I have used poly in that condition. The first coat was a nightmare to smooth. Runs were the biggest problem. The second and third coat was even worse! A fight all the way! Never again, I would get a new can and get better and easier results. Save the old stuff for mixing and base coat on flat surfaces. After all the work you put into a project, why take a chance on old poly.


----------



## a1Jim (Aug 9, 2008)

I congratulate DS and Jeff for positive remarks staying on point and constructive help for a new member, something I felt I should have done a better job of doing on this post.
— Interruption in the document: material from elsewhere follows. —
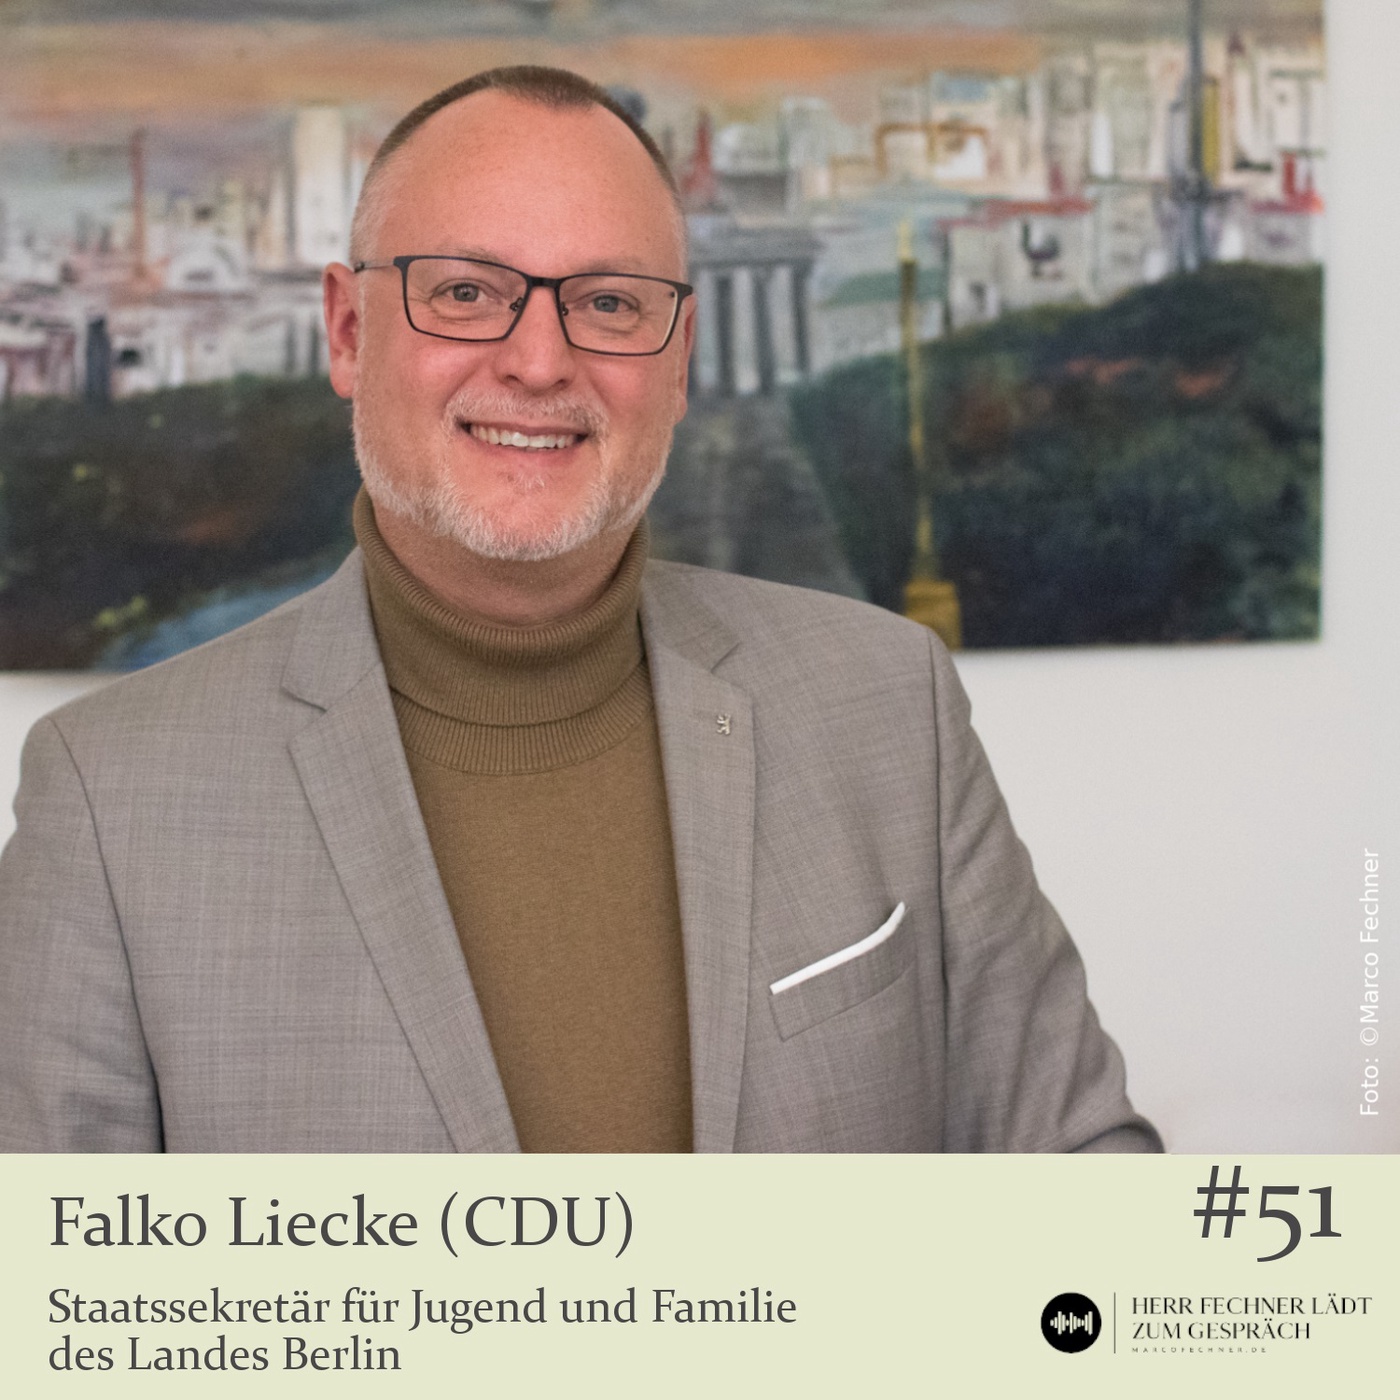 Falko Liecke (CDU), Staatssekretär für Jugend und Familie

Thanks for helping keep Ljs be a more positive place to visit.


----------



## BobVila (Nov 11, 2017)

> Bob, regardless if you are the famous Bob, or not, hopefully we all here can help each other improve and learn in our craft.
> In that spirit, please allow me to make a couple of observations on your box that might help going forward.
> 
> 
> ...


Oh yea. Man, I was so disappointed when I put that stain on and saw how much it amplified those planer marks. I really liked that piece of oak.

But, about the full dry time, I'm asking because I let it go 24 hours (VERY dry in my basement), is it possible those darker patterns were made from not applying the stain evenly? Or, how long should I be letting stain dry?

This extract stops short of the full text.